---------- DATASET SECTION ----------

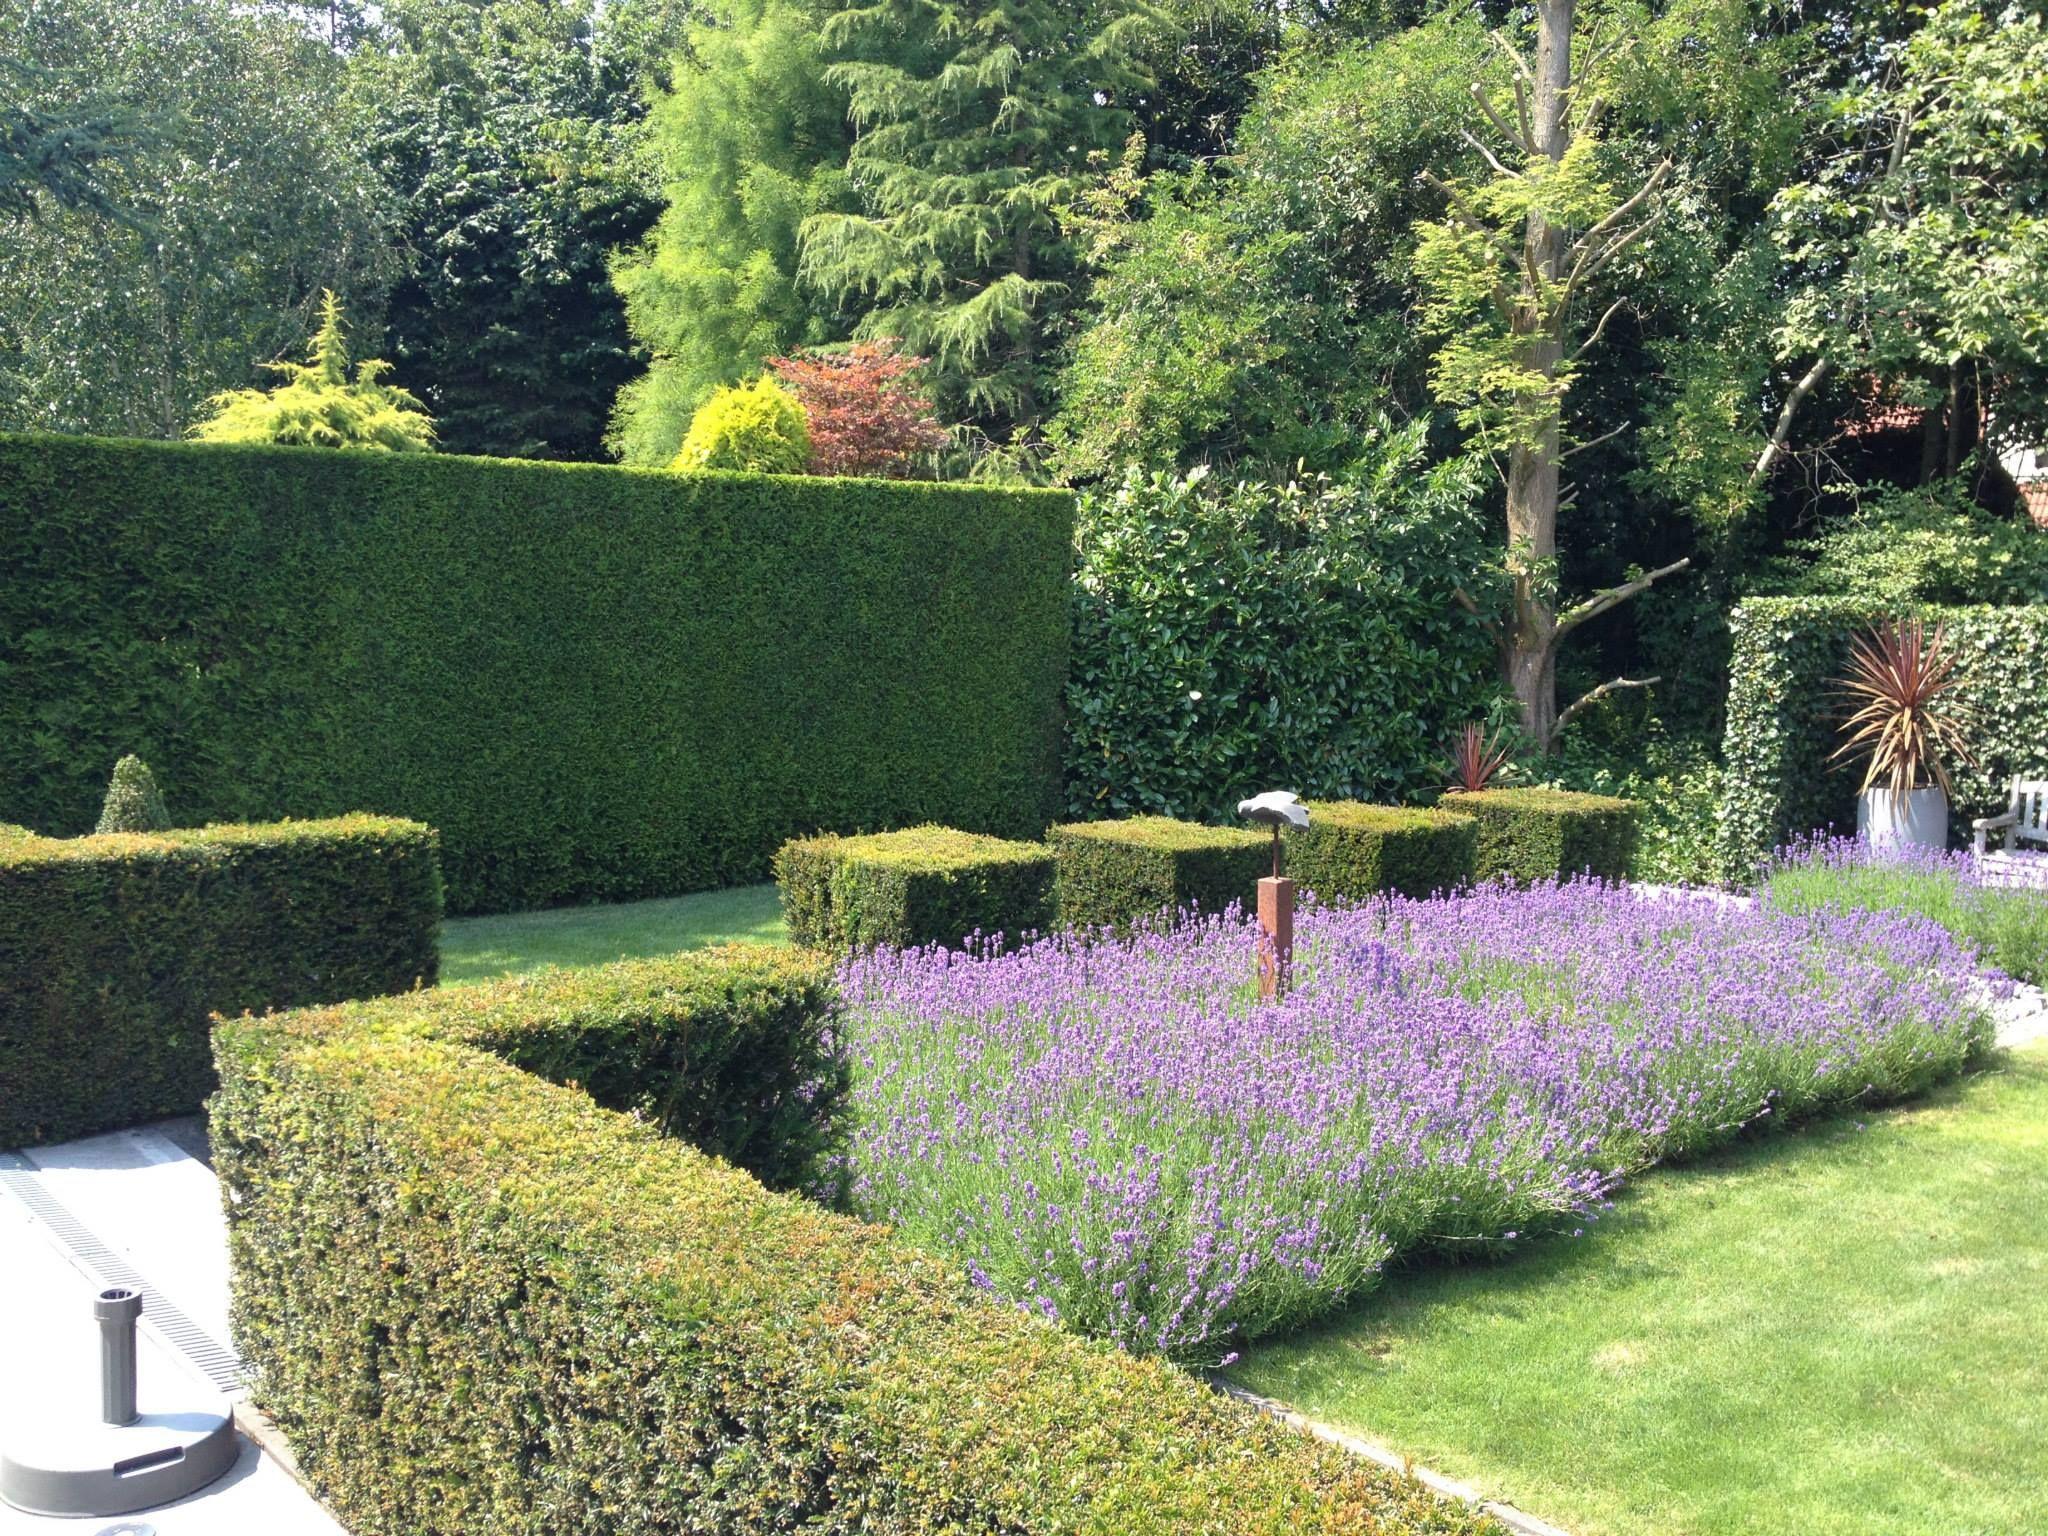 Tuin hovenier geometrie snoeien vormsnoeien paars for Tuin snoeien
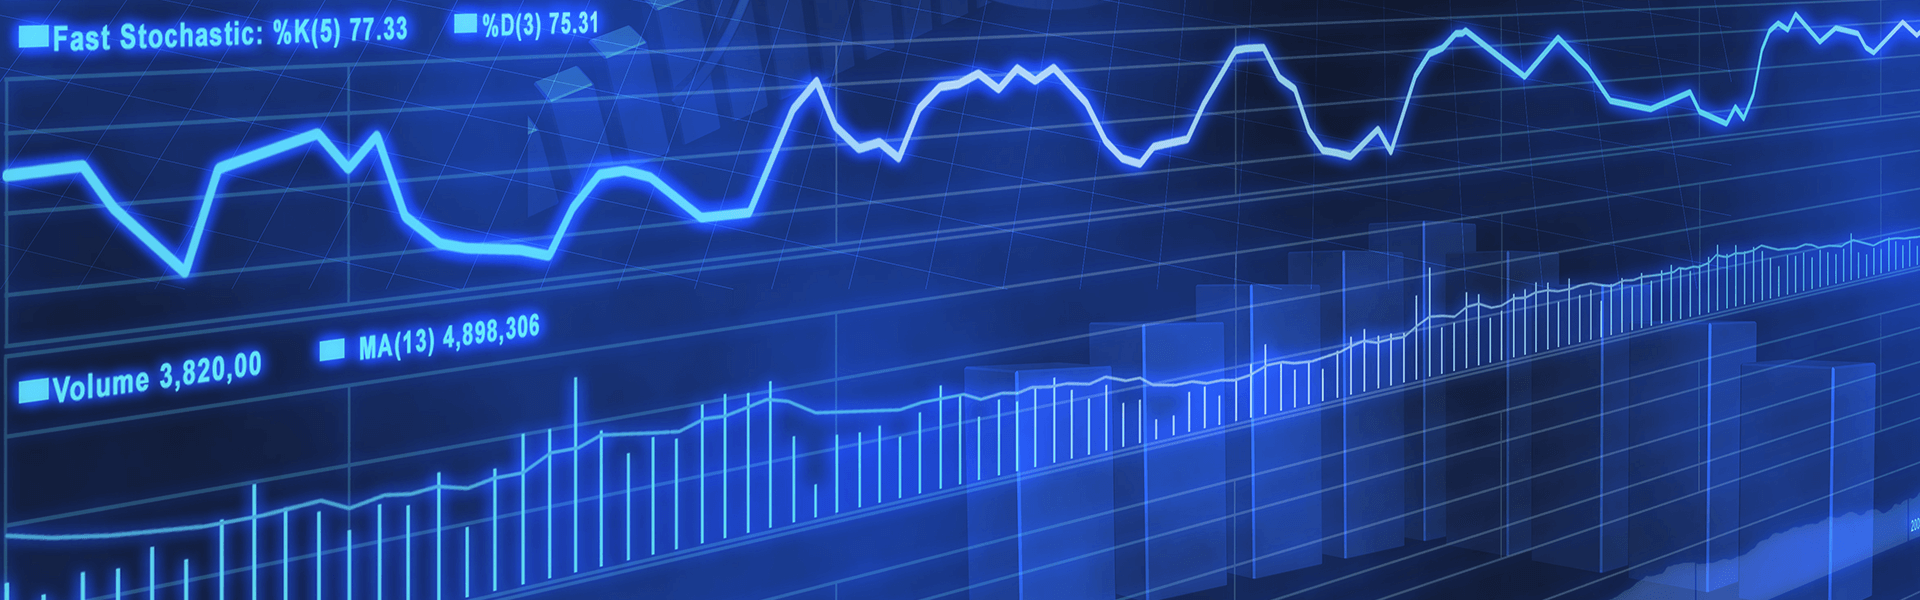 Stockmarket graph
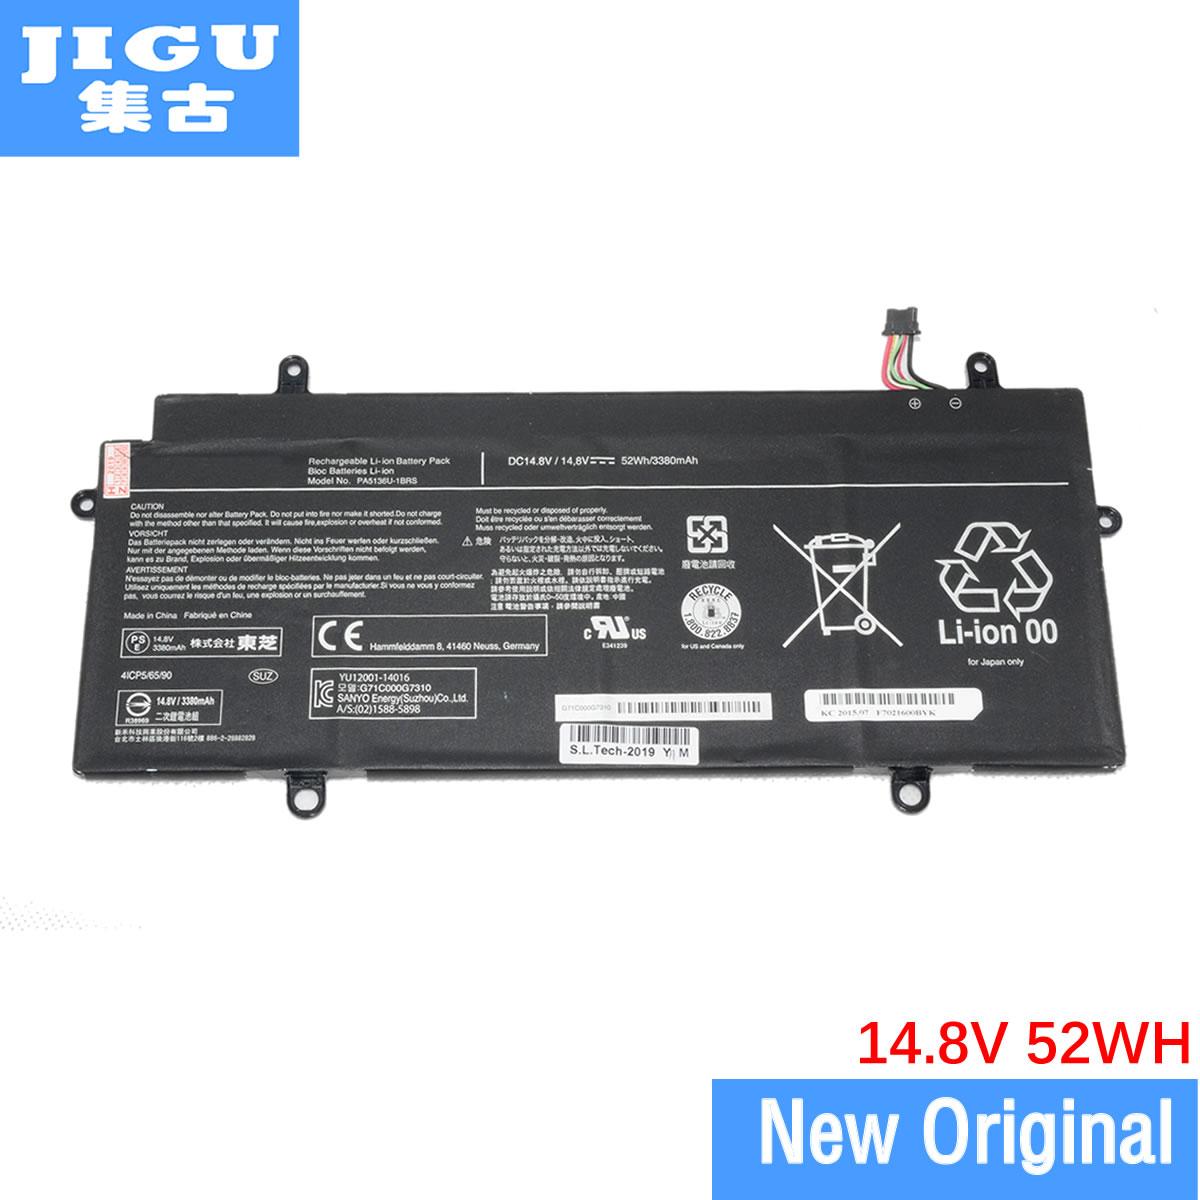 JIGU PA5136U-1BRS Original Laptop Battery For Toshiba For Portege Z30-C Z30 Z30-AK03S Z30-AK04S 15.2V 52WH

----------

## REQUIREMENT
Return the material verbatim; the images are not to appear in the copy.

## EXPECTED ANSWER
 Tuin hovenier geometrie snoeien vormsnoeien paars for Tuin snoeien
 Stockmarket graph
 JIGU PA5136U-1BRS Original Laptop Battery For Toshiba For Portege Z30-C Z30 Z30-AK03S Z30-AK04S 15.2V 52WH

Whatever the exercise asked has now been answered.